Her funeral service at the Wanguo Funeral Home lasted for three days. Several well-known film actors and actress attended her funeral, including Wang Renmei, Lin Chuchu and Liang Saizhen, and her pallbearers included some of the leading film directors such as Lai Man-Wai, Fei Mu, Wu Yonggang and Cai Chusheng. After the service, Ruan's casket was taken to a cemetery in Zhabei district.

Her funeral procession was reportedly 3 mi long, with three women committing suicide during the event. The New York Times called it "the most spectacular funeral of the century".

In 1998, a uniquely designed monument dedicated to her debuted in Fushouyuan Cemetery in Shanghai.

==Suicide notes and alleged forgery==
Two sets of suicide notes existed that were purportedly written by Ruan Lingyu just before her death.

===First version===

The earlier suicide notes were first published in Lianhua Pictorial (聯華畫報) on April 1, 1935, in a commemorative issue on Ruan Lingyu's death, supplied by Tang Jishan with whom Ruan Lingyu was cohabiting at the time of her death.

These suicide notes are now believed to have been forged by Tang Jishan, as Ruan Lingyu was unlikely to have written a letter to the press over her suicide, furthermore with lines like "[my spirit] will watch over you forever and ever" to Tang Jishan.

Once I die, people will surely think I did it [killed herself] out of guilt. But what crime have I committed, that I must feel guilty about? Because I never did Zhang Damin any wrong, not in any way. We shan’t talk about anything else, just this: I even gave him 100 yuan a month after we separated and started living apart.

I'm not making this up, I have proof and the receipts. But he repaid gratitude with revenge, gave resentment for kindness. Moreover, the outside world doesn't know this, he made them think I did him wrong.

So what else can I come up with? I gave it so much thought—only suicide can end it all.

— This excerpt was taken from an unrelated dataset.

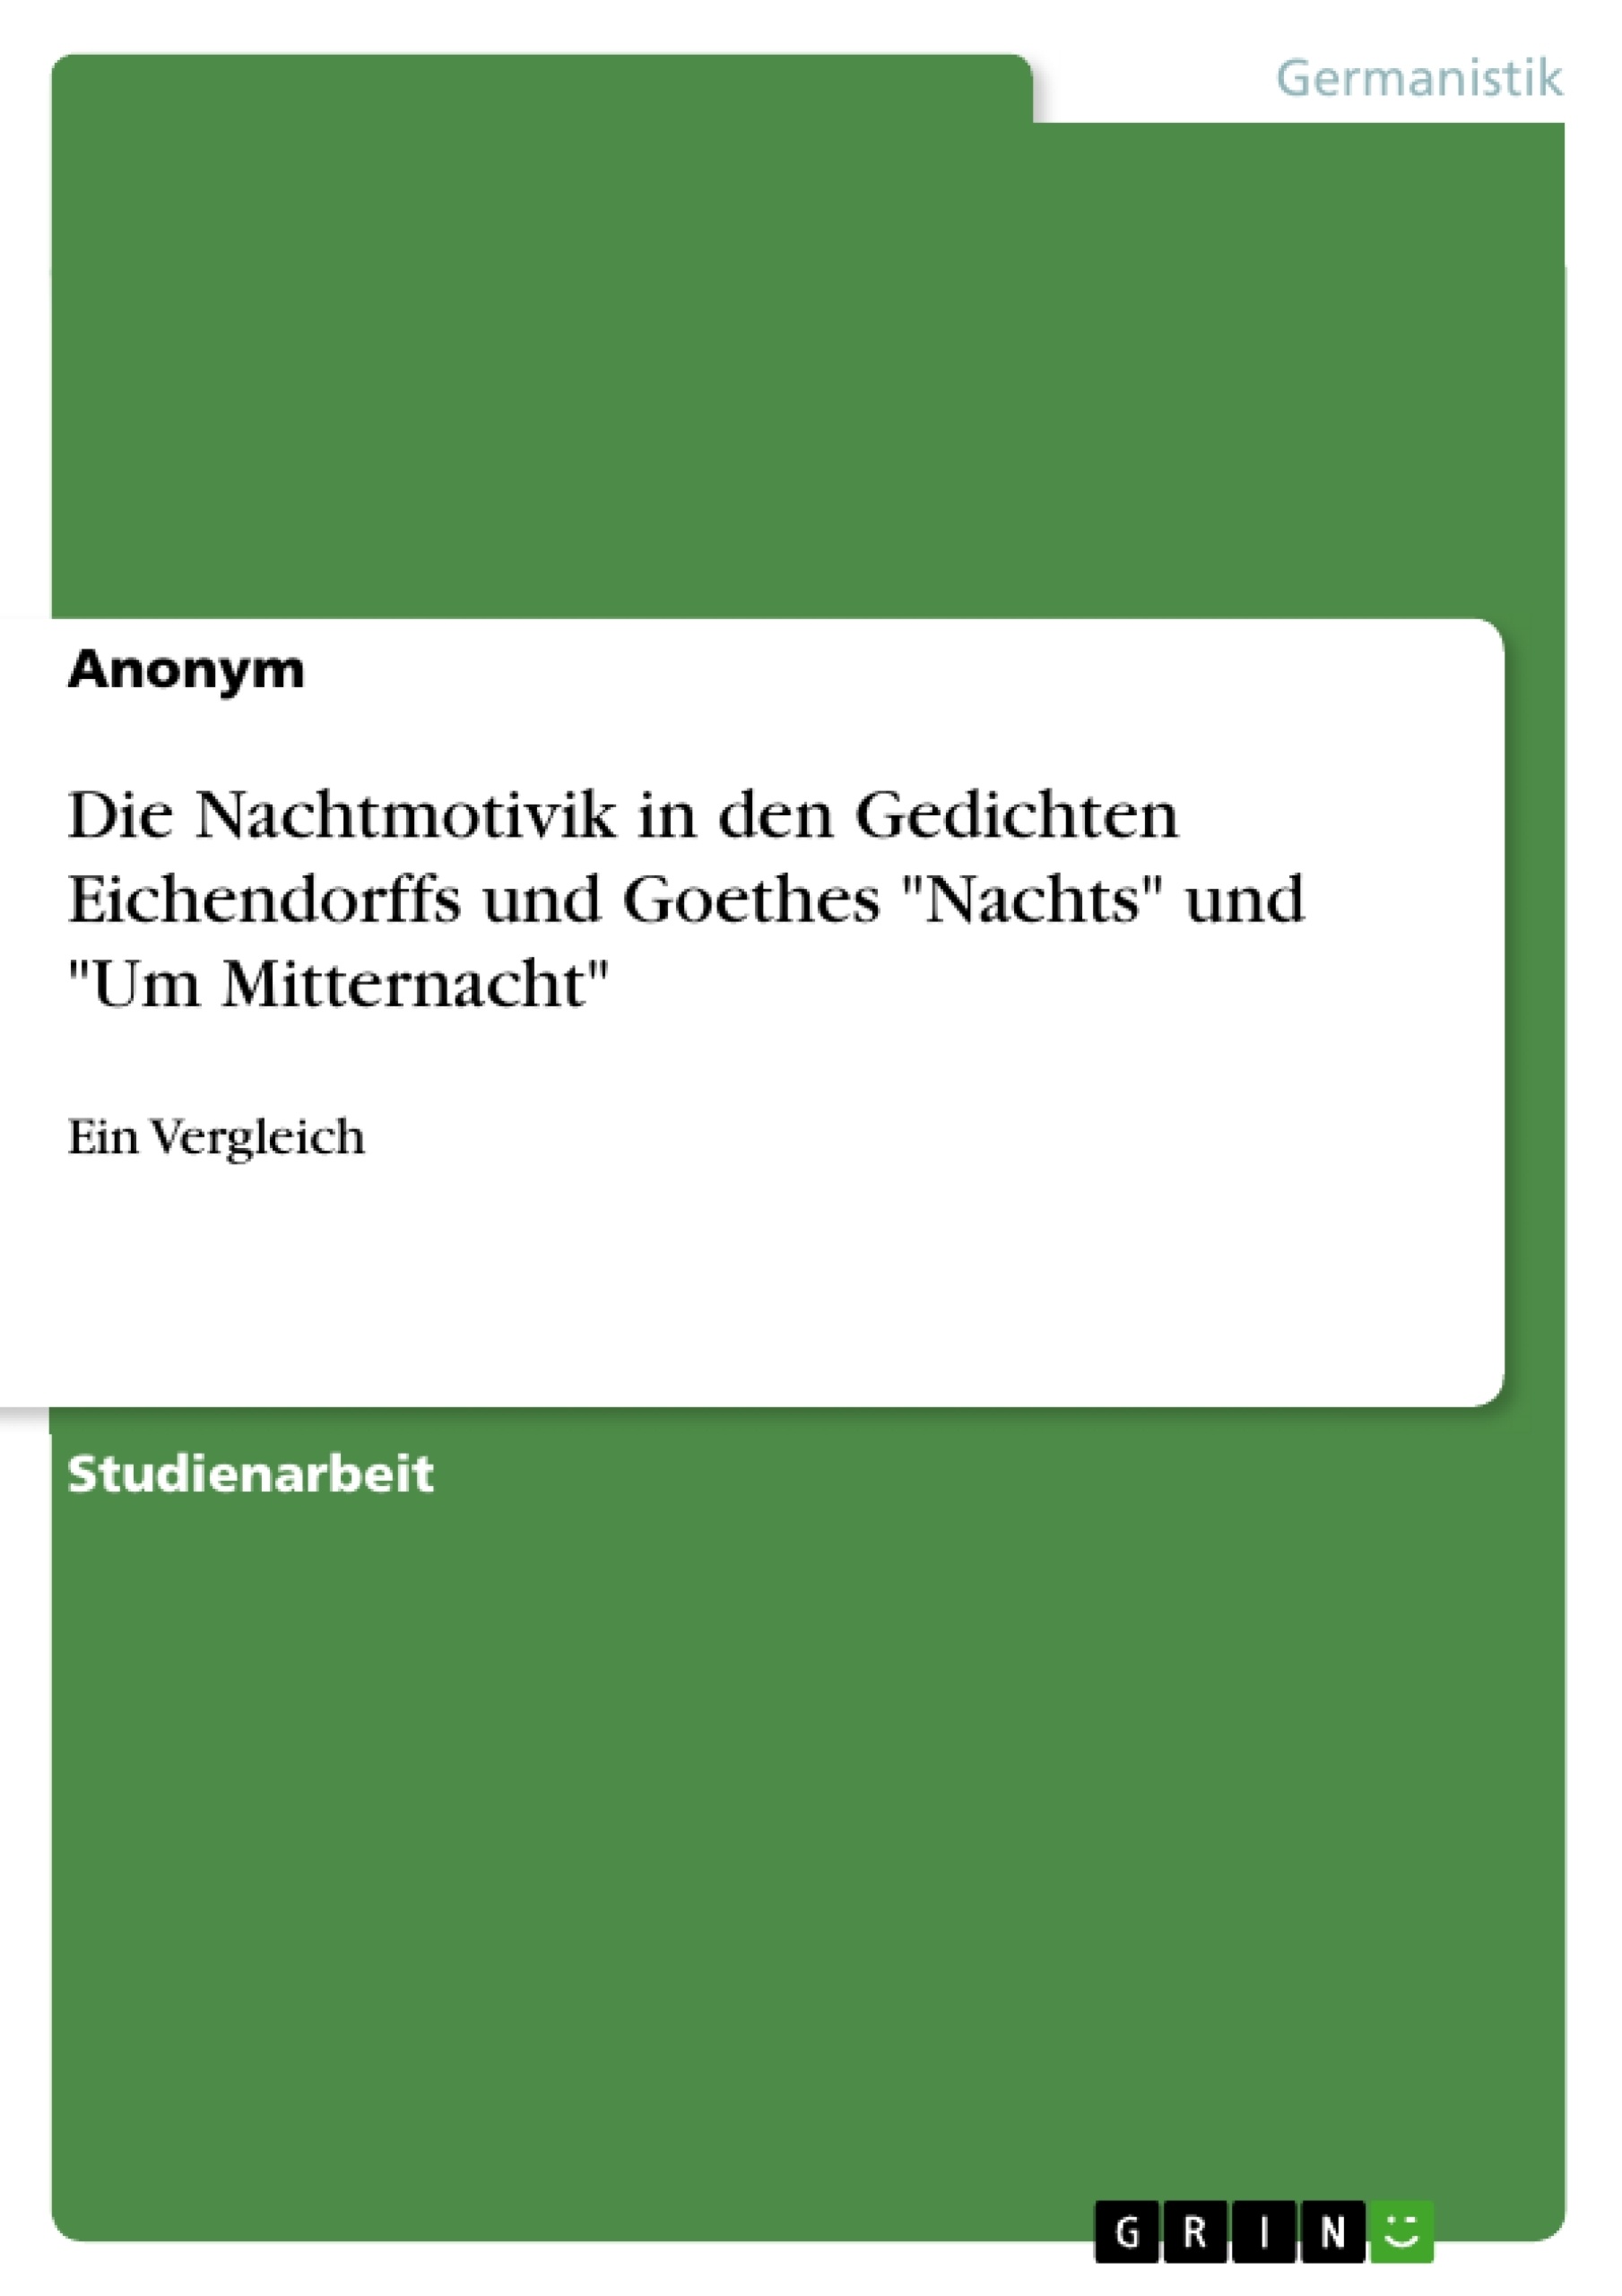 Titre: Die Nachtmotivik in den Gedichten Eichendorffs und Goethes "Nachts" und "Um Mitternacht"

Alas, it's no pity if I die. But gossip is a fearful thing. I'm still afraid people will talk, that's all.

I can't prove my innocence unless I die. Now that I am dead, he can have his way. Although he didn't kill me himself, I have died because of him. Zhang Damin, let's see how you can escape public censure! You can't set Tang Jishan up now, since you have already driven me to my death!

'

Jishan: I never expected death to be separating us so soon. But don't be sad. Every banquet has to end in this world someday. Please don't keep grieving.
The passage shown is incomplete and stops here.